**Material provided:**
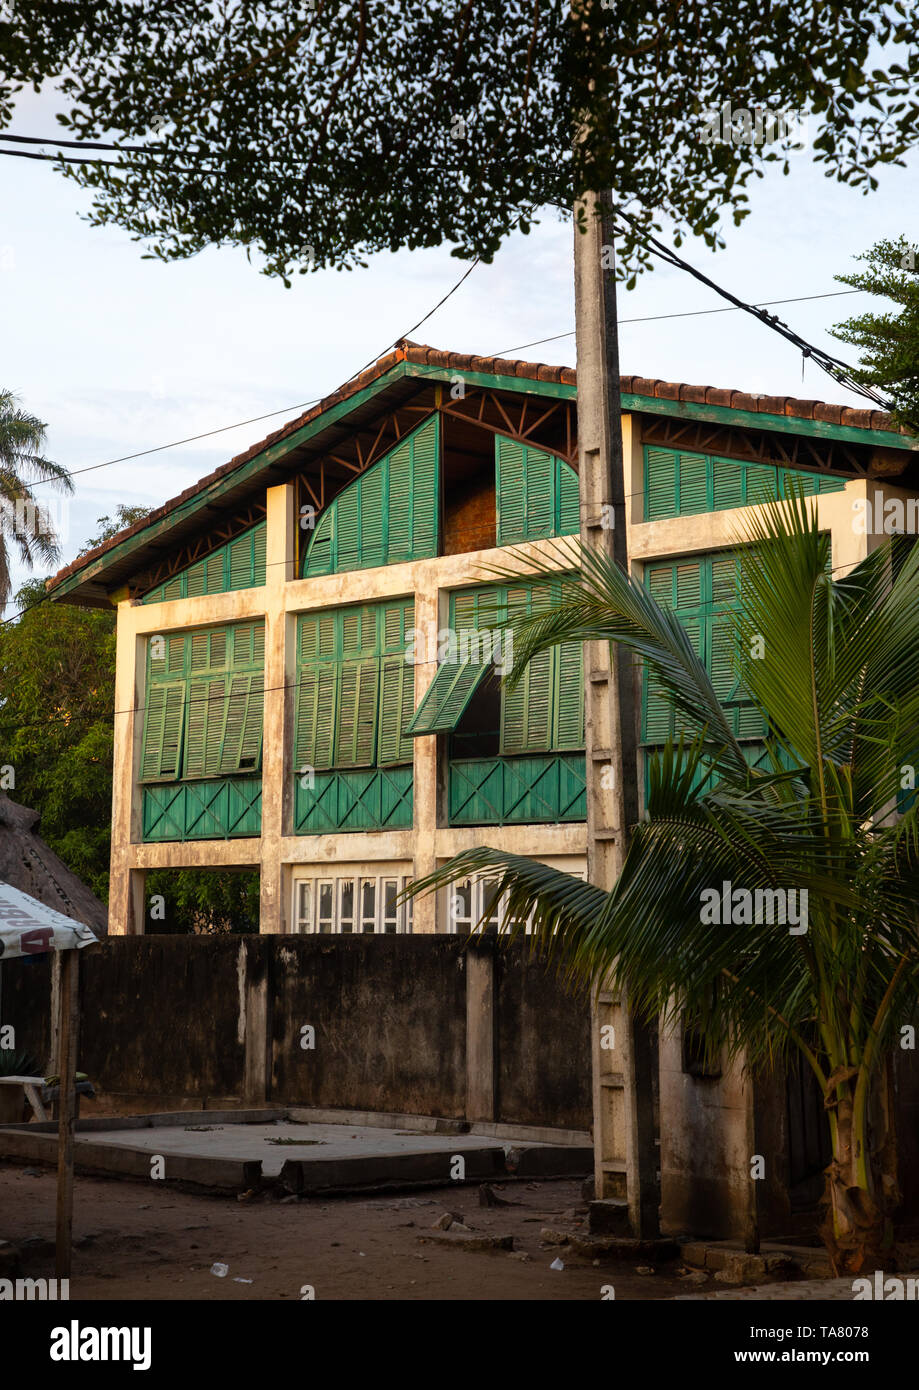 Old french colonial building formerly the customs house in the UNESCO world heritage area, Sud-Comoé, Grand-Bassam, Ivory Coast Stock Photo
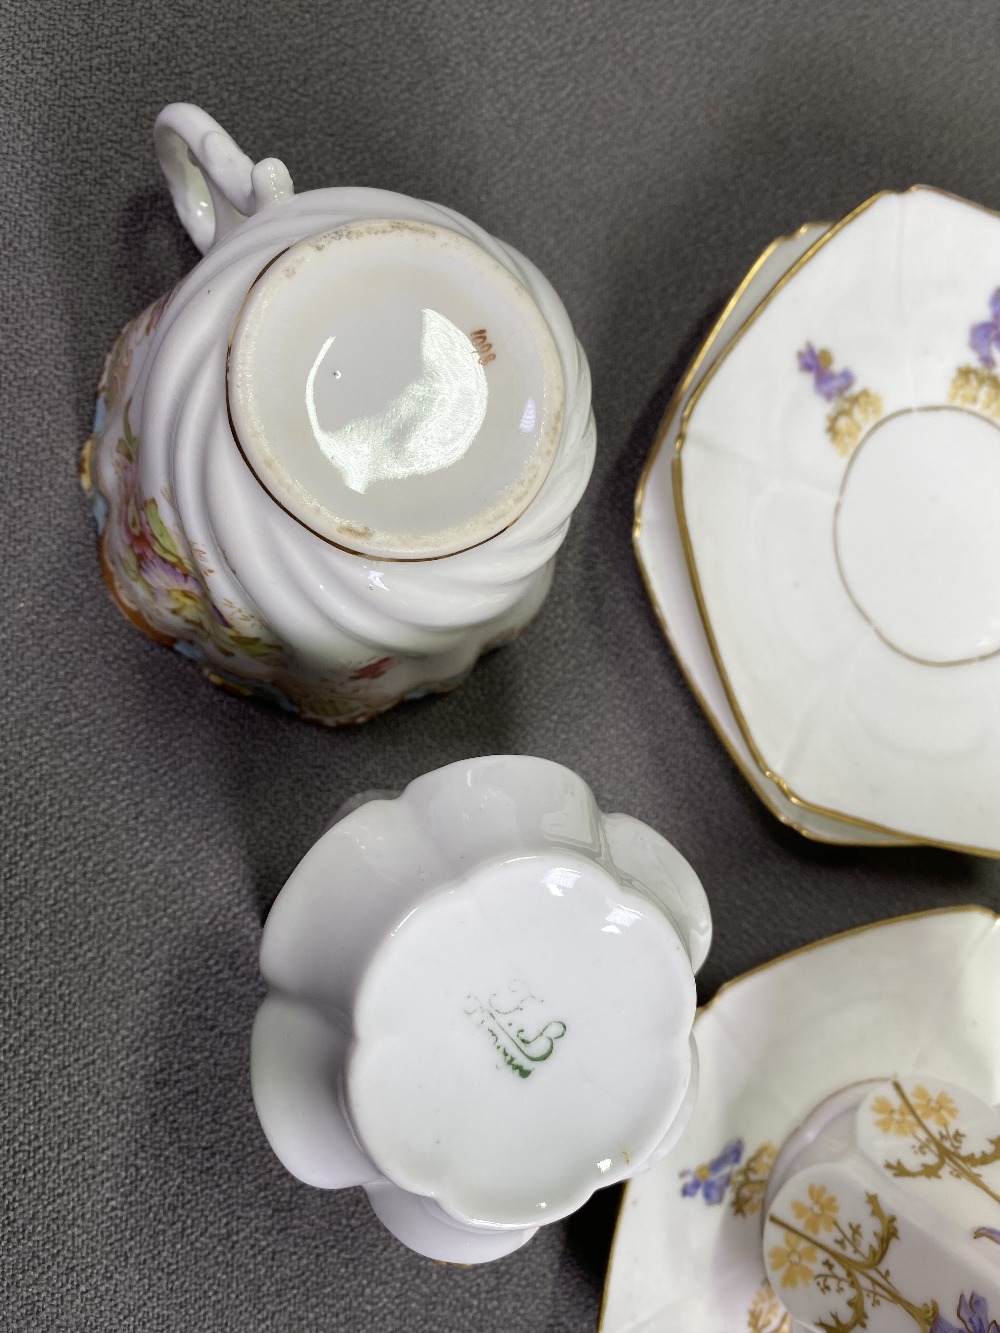 S.C.C STAFFORDSHIRE TEAWARE, nineteen pieces, also Limoges teaware, six pieces - Image 2 of 2
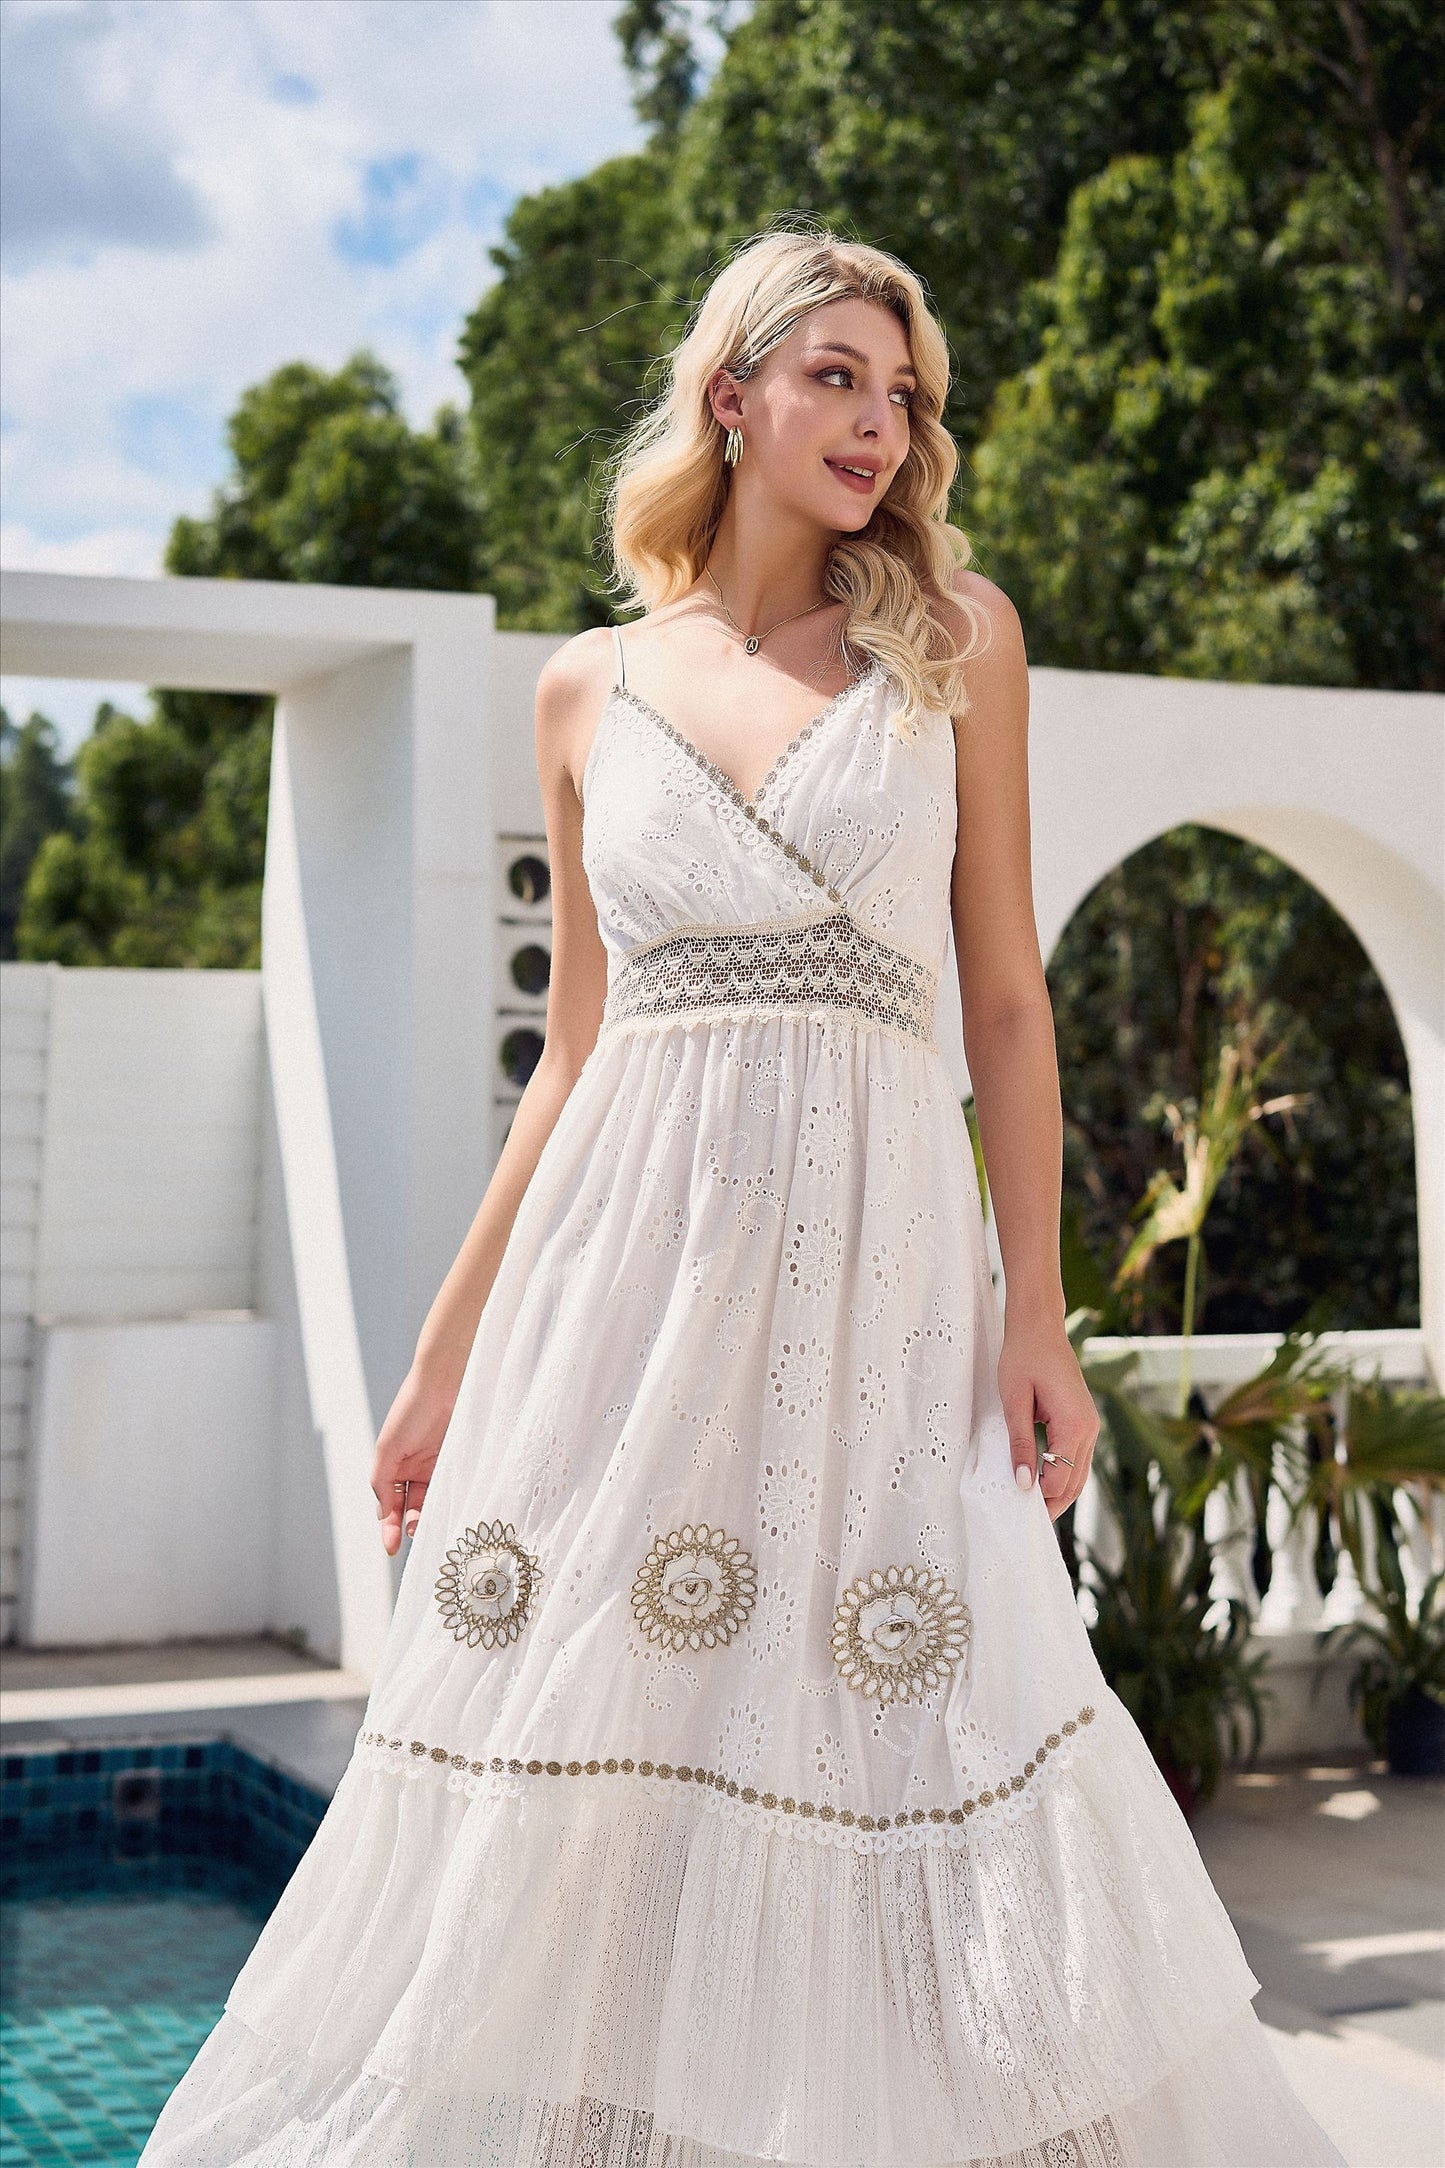 Boho Beach Hollow-out Floral Lace Resort Dress

**Exercise:** Each line above has to be returned exactly. Drop the pictures.

**Reply to the task:**
 Old french colonial building formerly the customs house in the UNESCO world heritage area, Sud-Comoé, Grand-Bassam, Ivory Coast Stock Photo
 S.C.C STAFFORDSHIRE TEAWARE, nineteen pieces, also Limoges teaware, six pieces - Image 2 of 2
 Boho Beach Hollow-out Floral Lace Resort Dress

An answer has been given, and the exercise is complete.